CliMOC investigated the role of AMOC in the global climate, specifically for the European continent. AMOC stands for Atlantic Meridional Overturning Circulation, which is a system of global-scale ocean currents that redistribute heat, salinity and carbon around the world. The AMOC has important consequences for the global climate. Energetically, the AMOC transports more heat into the North Atlantic than in the Southern Hemisphere oceans, which causes an inter-hemispheric imbalance of heat transport.

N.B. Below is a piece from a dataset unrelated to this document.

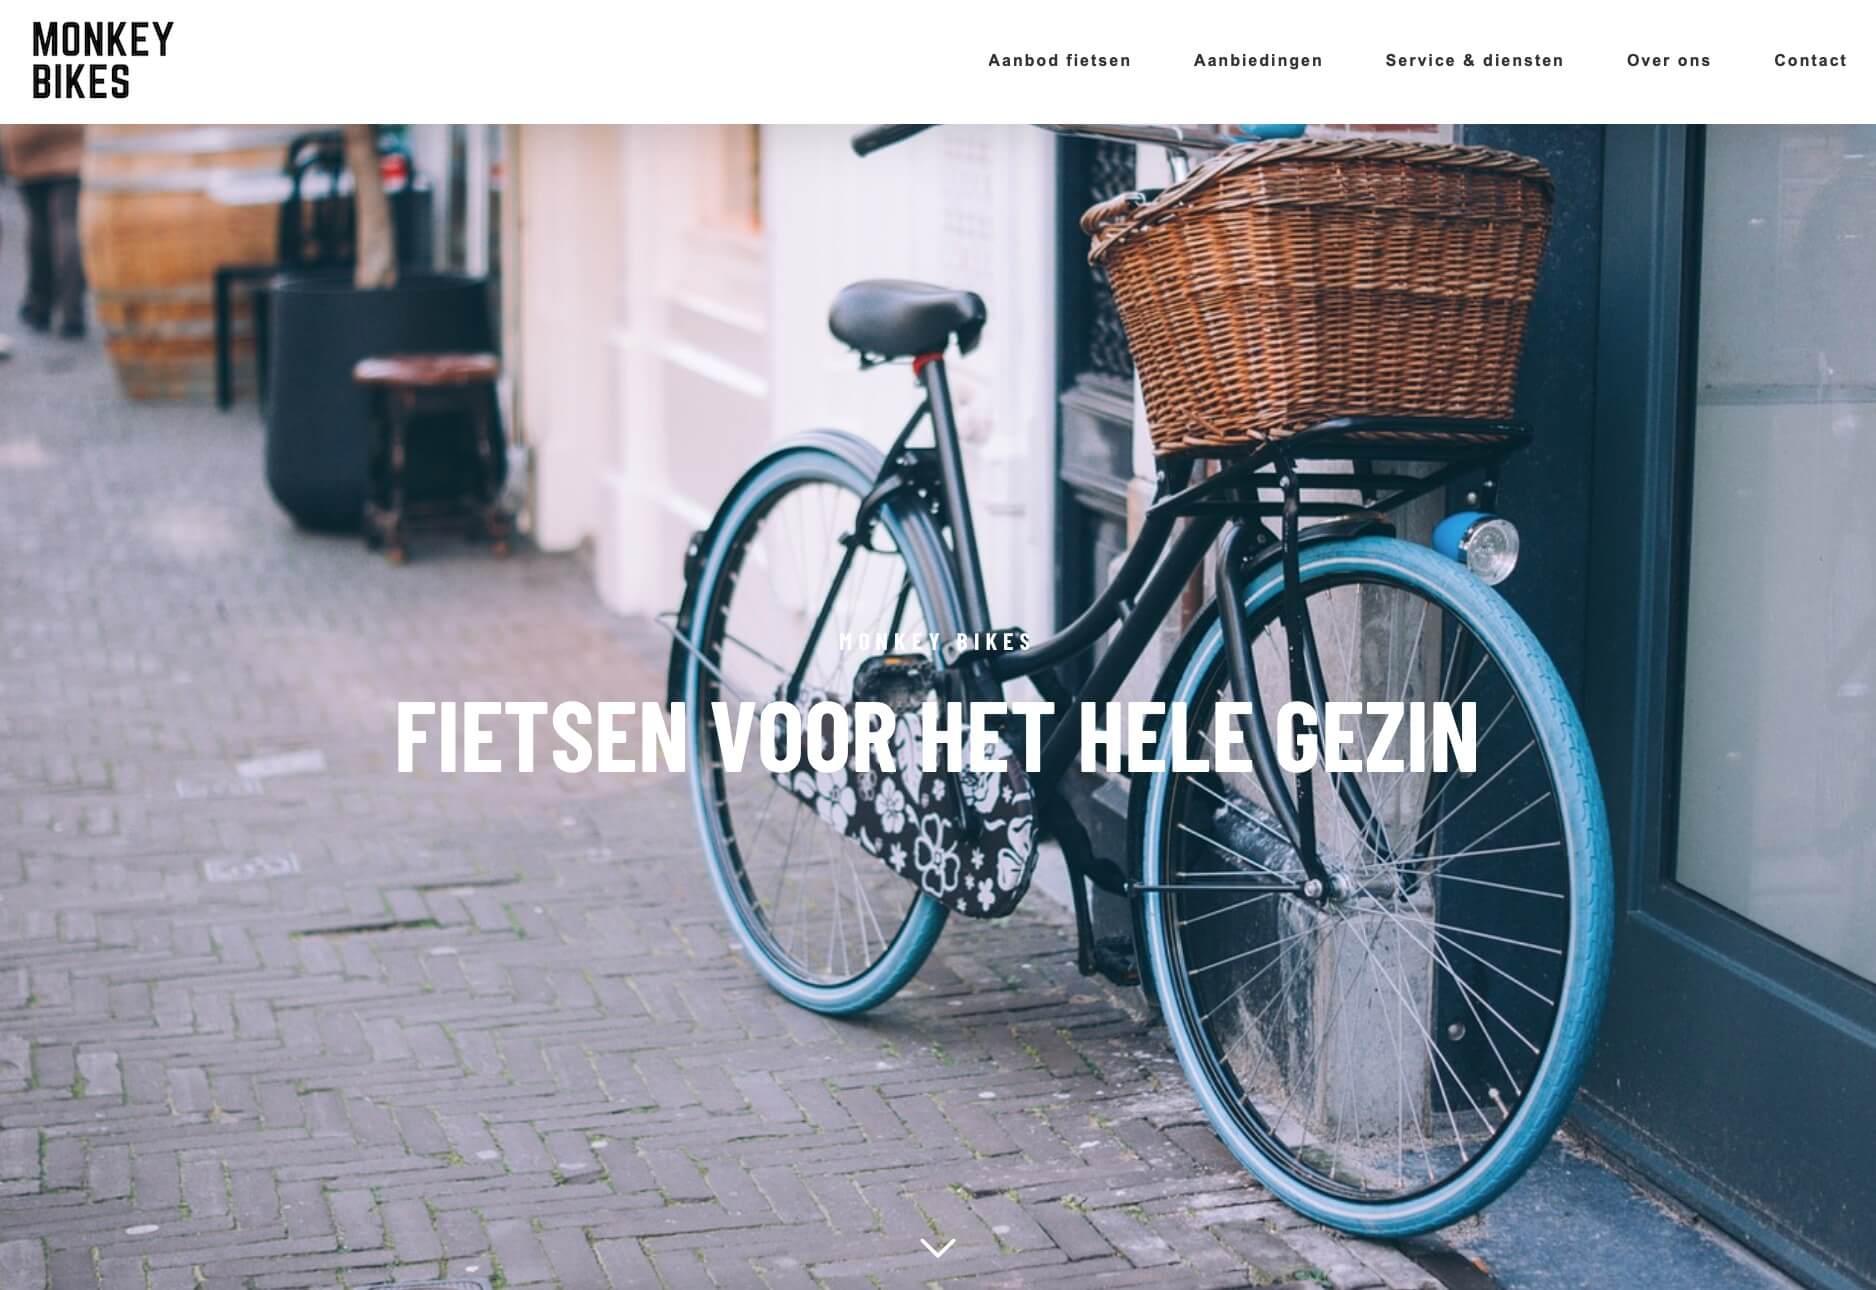 Kinderfietsen_en_stadsfietsen_Almelo_-_Monkey_Bikes - Website realisatie: Obviousmedia.nl

This imbalance is believed to make the Northern Hemisphere warmer by about 1°C than the Southern Hemisphere and to shift the tropical peak of annual mean precipitation (the so called Intertropical Convergence Zone or ITCZ) to be in the Northern Hemisphere at about 5°C. Hence, the ocean heat transport by the AMOC has important consequences on temperature and precipitation, including important rainfall systems such as the tropical monsoons and the extra-tropical cyclones.
However, some studies have challenged the notion that the AMOC (and specifically the Gulf Stream) plays a role in specifically making European winters milder than they would be in the absence of the AMOC. By using older modeling setups in which the AMOC was artificially removed by coupling an atmospheric model with a motionless ocean model, these studies found that it’s the Rocky Mountains that contribute to milder European winters by modifying the westerly wind flow at the mid-latitudes. In CliMOC we challenged this notion by proposing a series of novel modelling experiments and setup to investigate the climate response to changes in AMOC strength, with a particular focus on the European continent.
We concluded the CliMOC project by finding that our hypothesis was correct. The earlier modeling setups masked the real role of the AMOC in the current climate because the missing ocean dynamics in the motionless ocean model that was used in those studies strongly limited the coupling between the atmosphere and the ocean, plus the associated feedbacks. We designed and made available a modeling experiment setup with state-of-the-art global climate model EC-Earth3 in which we are able to artificially tune the strength of the AMOC. Initial experiments with this setup conducted within CliMOC show an important role of the AMOC for the European hydroclimate, which has of course important implications for future climate change. In fact, because all models within the Coupled Model Intercomparison Project (CMIP) robustly project an AMOC decline in the 21st century, it is of utmost importance to assess the impacts of an AMOC decline relative to those of greenhouse gas forcing.